Materials and Methods

Animals

Experimental protocols were approved by and in accordance with our Animal Resource Centre at the University Health Network (AUP# 1032, 1034, and 1605). Mice used include Myf5-Cre [11] (B6;129S4-Myf5^tm3(cre)Sor/J), floxed tdTomato [12] (B6;129-Gt(ROSA)26Sor^{tm9(CAG-tdTomato)Hze} /J), Sox2-Cre^ERT2 [13] (B6; 129S-Sox2^{tm1(cre/ERT2)Hoch}/J), Myf5-Cre ^ER [10] (B6;FVB-Myf5^{tm1(Cre/Esr1*)Trdo}/J with neomycin cassette removed), and Rosa26 [14] (FVB-Gt(ROSA)26Sor/J). Mice were housed in the animal care facility and maintained on standard chow diet and water. Both males and females were used at ages specified in the text or legends.

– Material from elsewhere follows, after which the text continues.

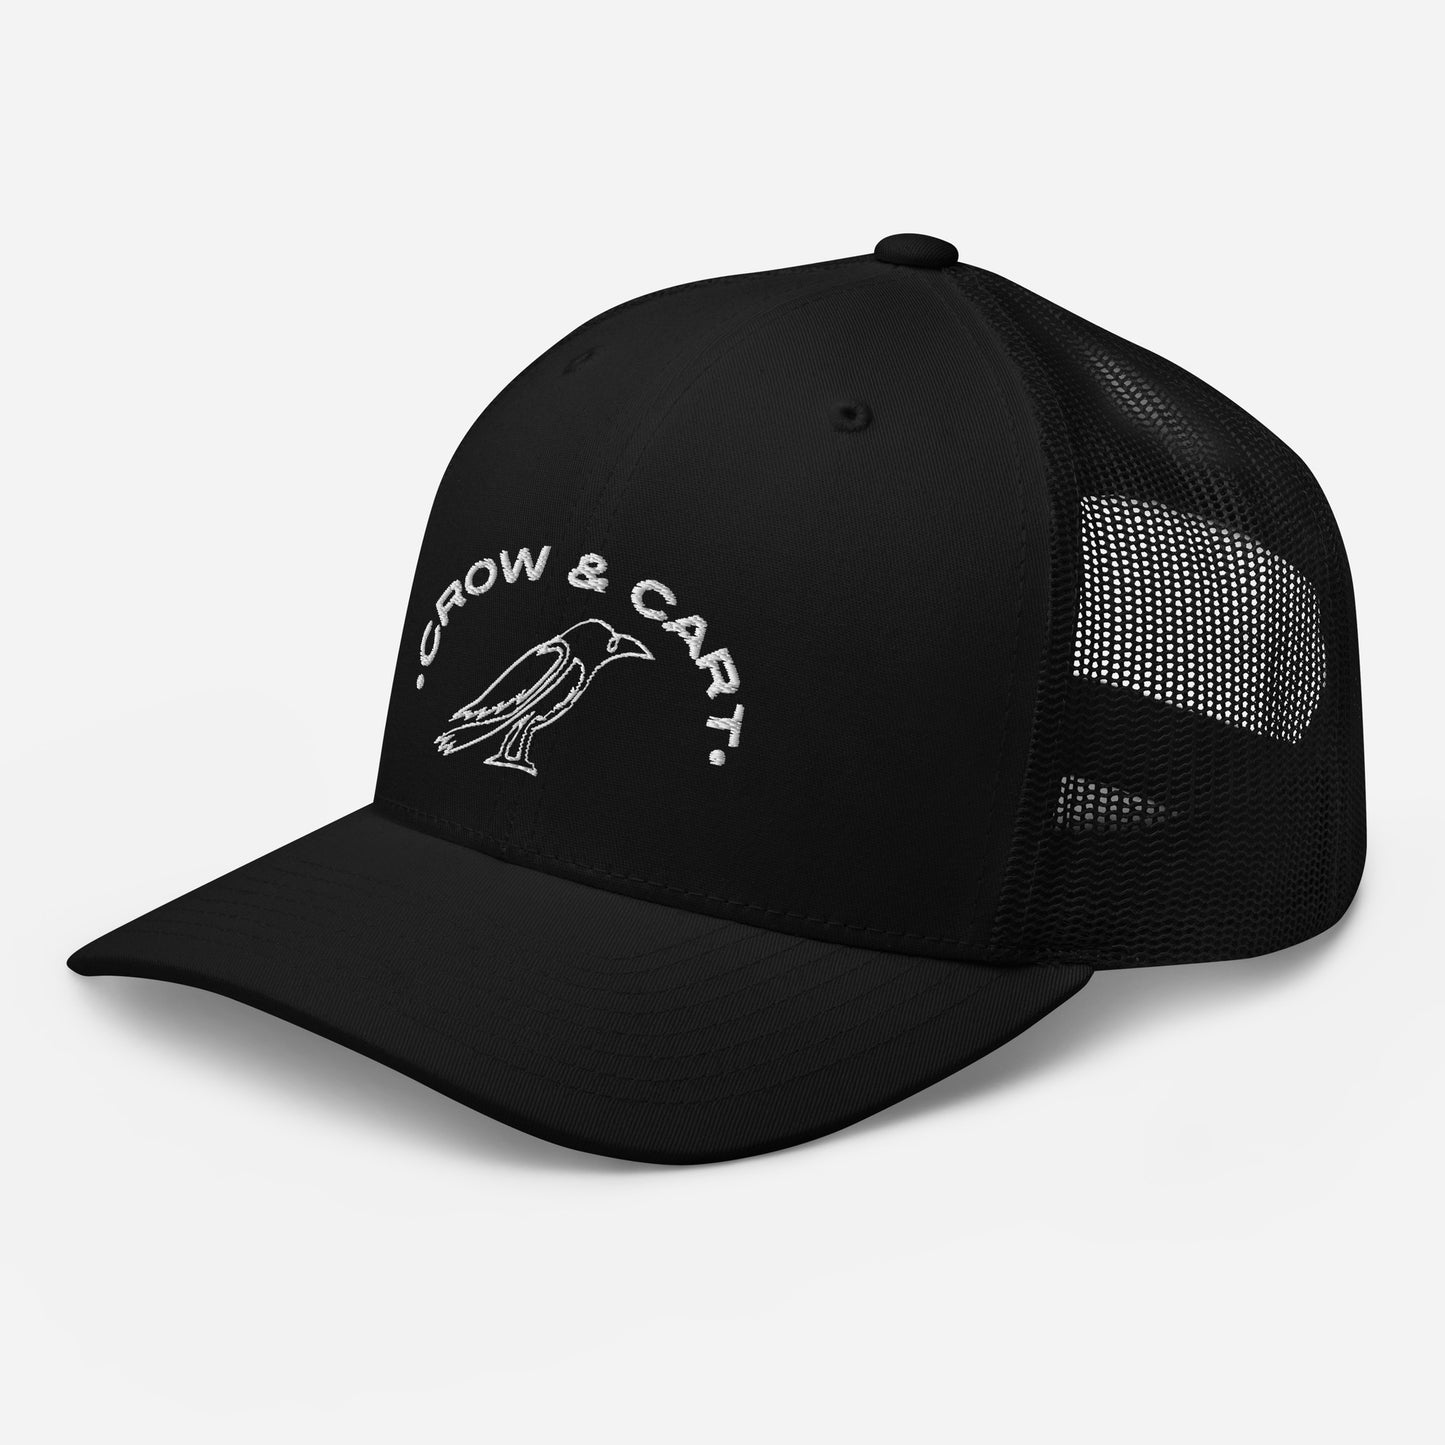 Crow & Cart Trucker Hat. White Stitching.

Whole-mount β-gal activity

Organs were fixed in 0.25% glutaraldehyde for 15 min and rinsed thrice with 1× PBS. Specimens were incubated in X-gal solution [0.2% X-gal, 2 mM MgCl₂, 5 mM K₄Fe(CN)₆, 5 mM K₃Fe(CN)₆] at 37°C for 1–16 h. Organs were visualized with a dissecting stereomicroscope.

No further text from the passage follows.